*Assignment*. Below are records with pictures. Transcribe exactly, and only, the lines from the line with "Dior Fahrenheit After Shave 50ml" to the line with "Add website to logo", both ends included, but not the pictures.

*Material shown*.
------

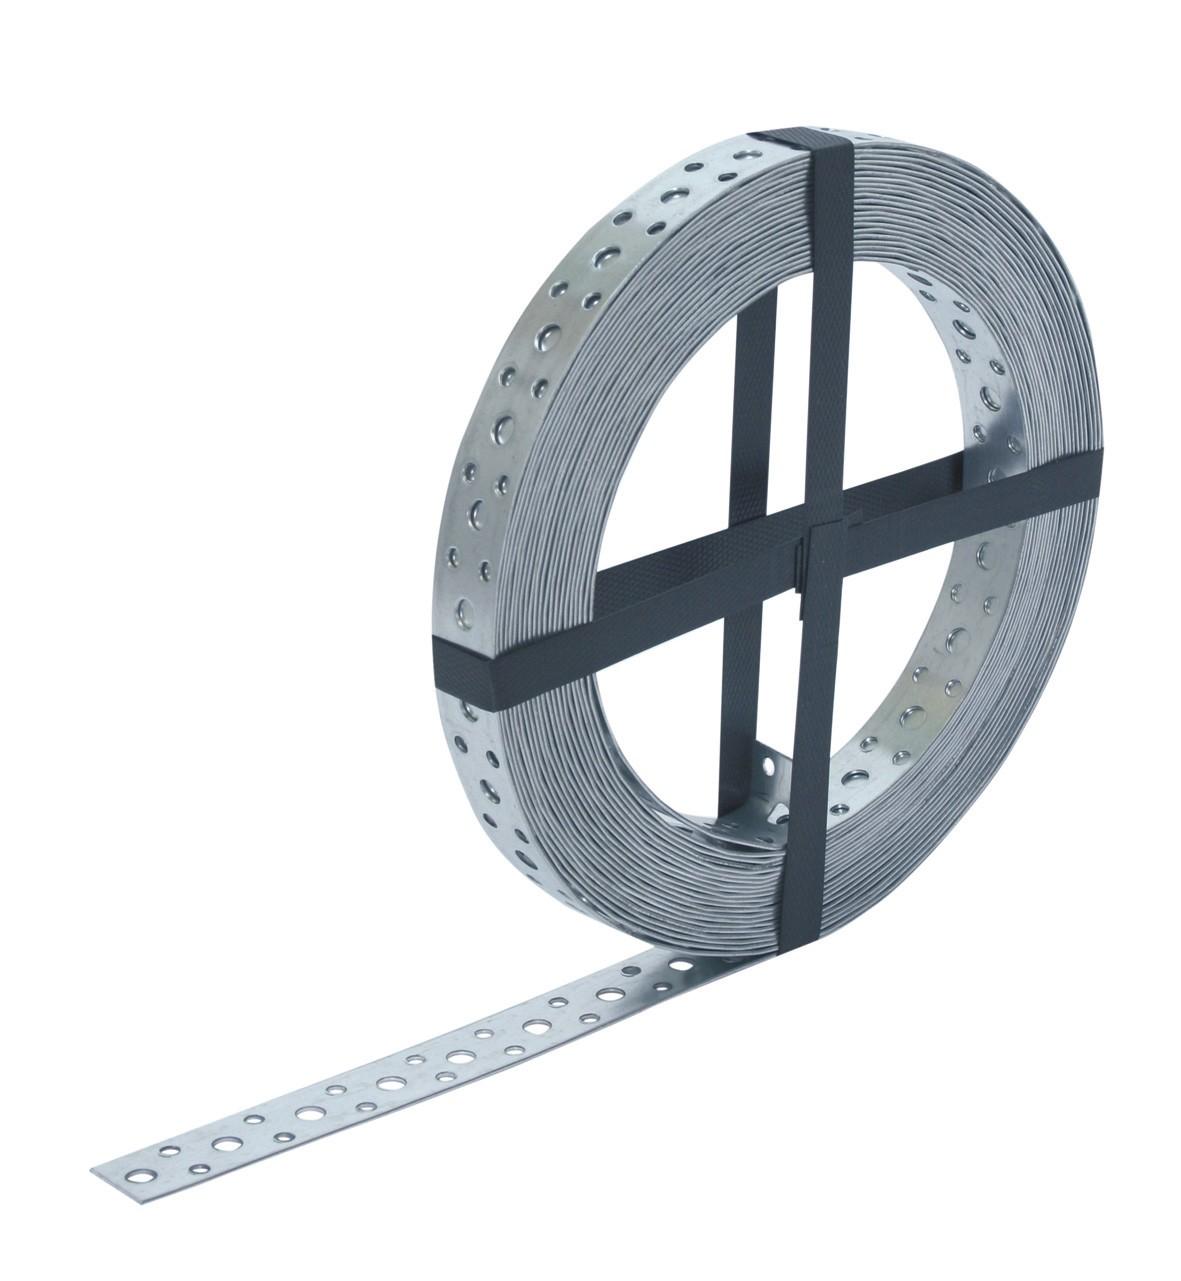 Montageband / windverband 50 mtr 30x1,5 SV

------

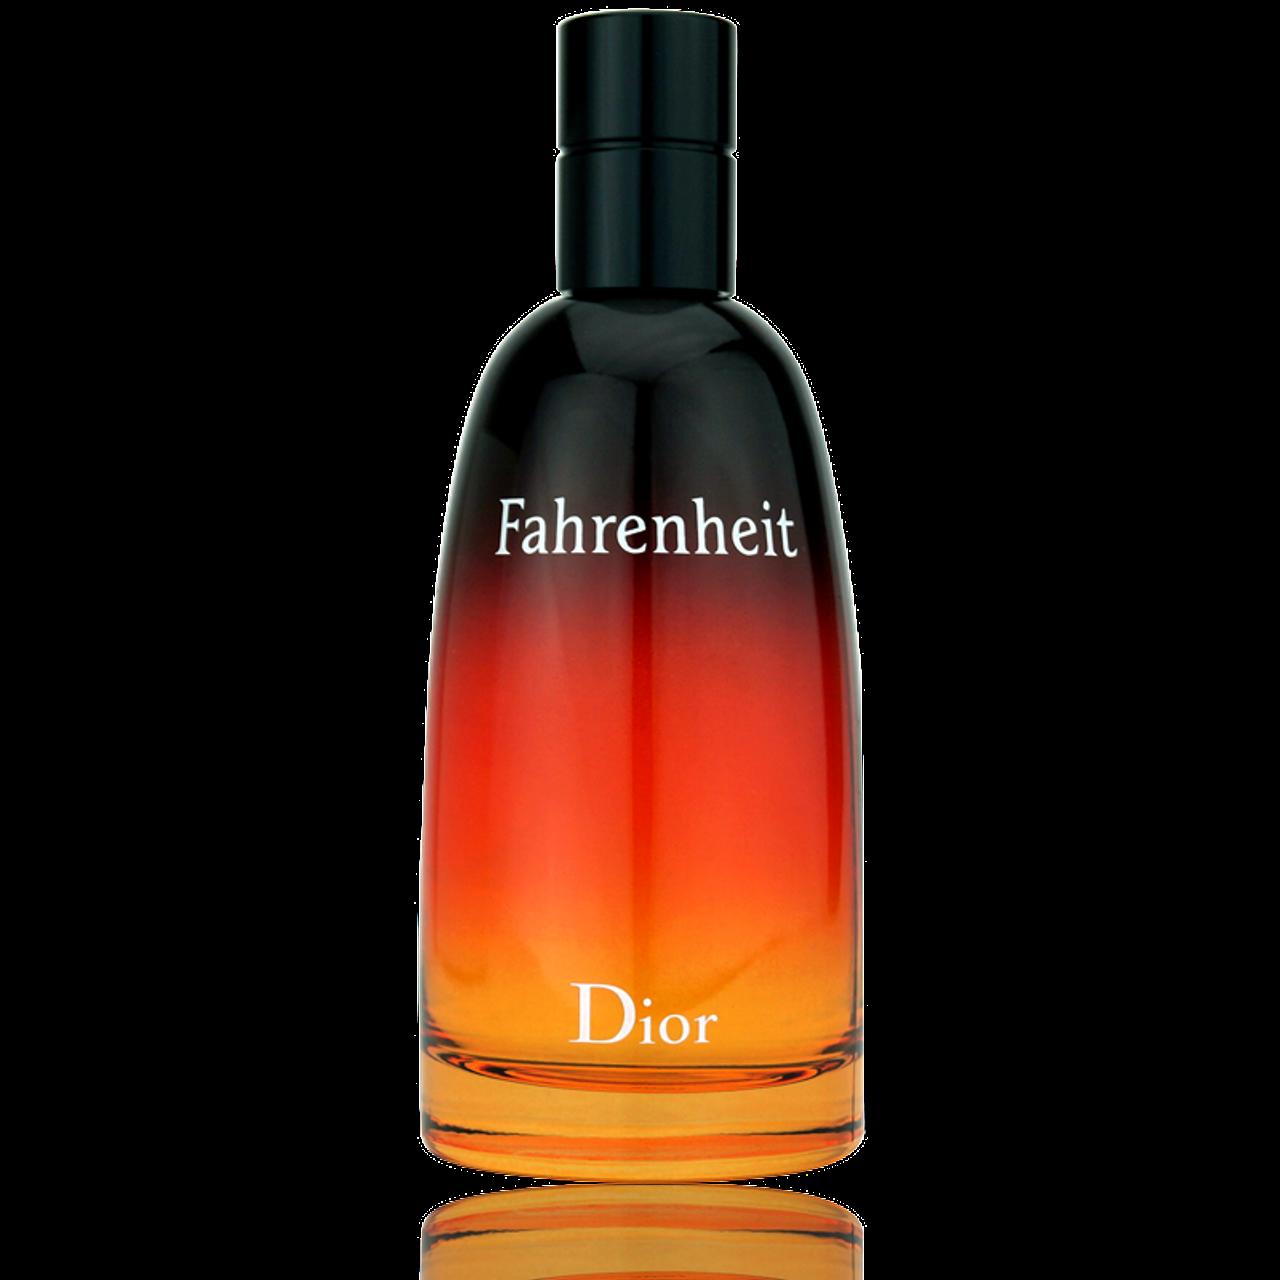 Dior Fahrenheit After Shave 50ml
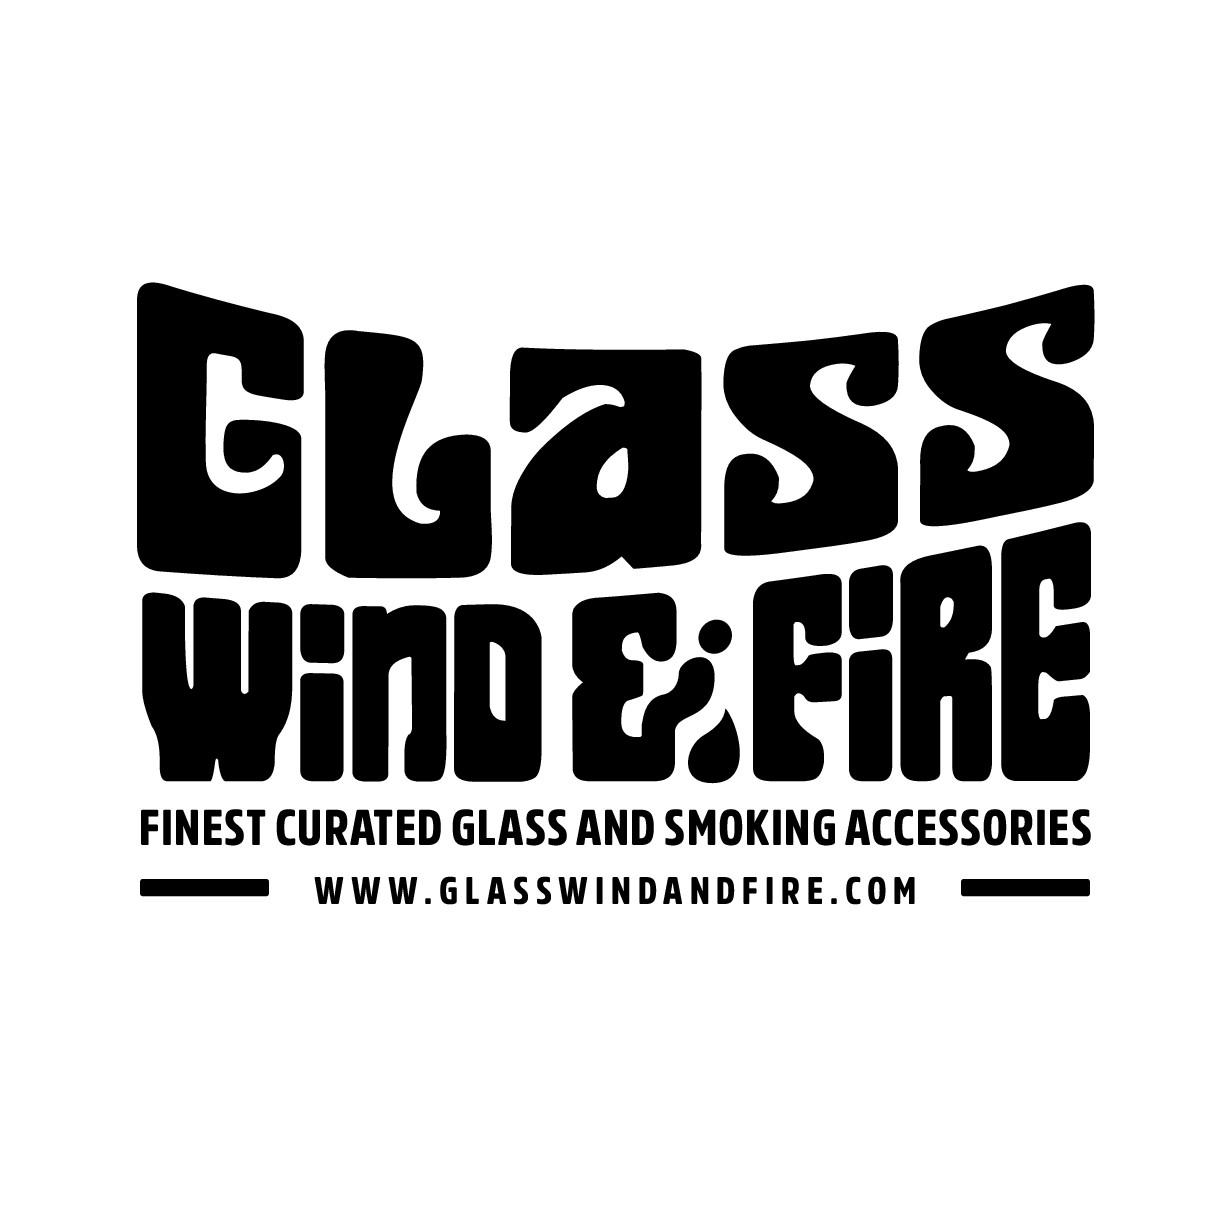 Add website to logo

------

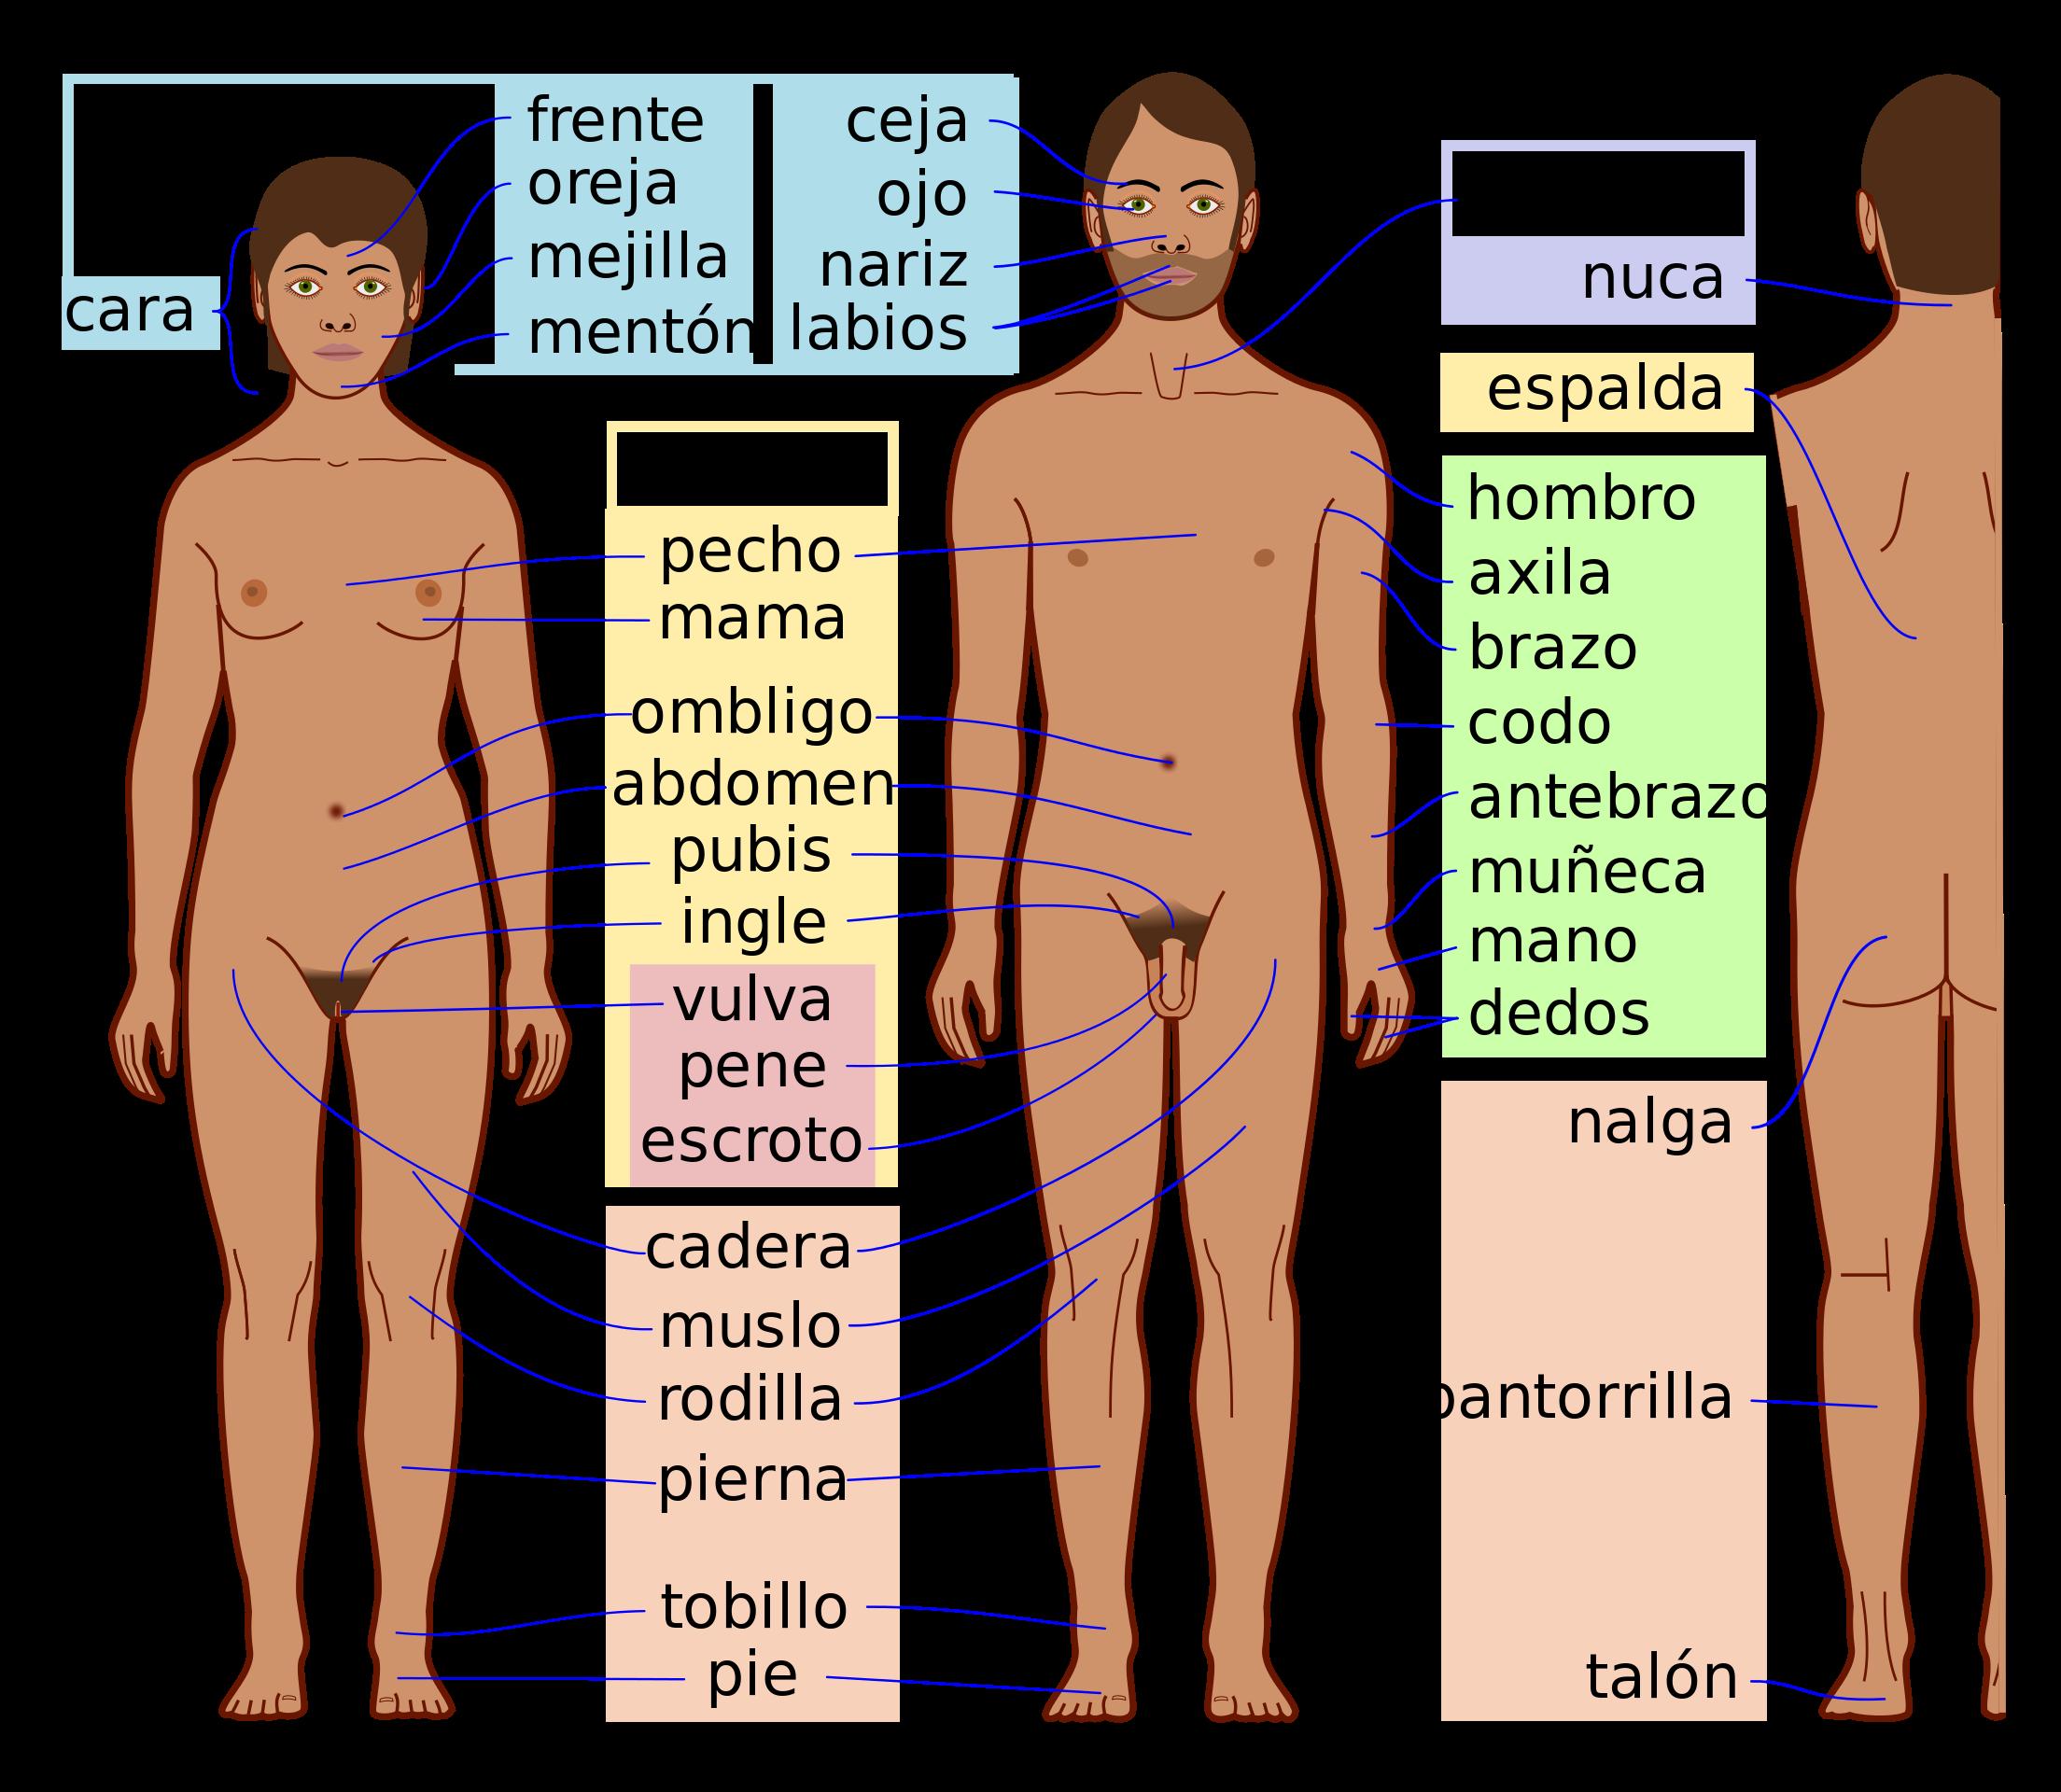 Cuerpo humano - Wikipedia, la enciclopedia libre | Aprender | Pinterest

------

*Exercise response*.
 Dior Fahrenheit After Shave 50ml
 Add website to logo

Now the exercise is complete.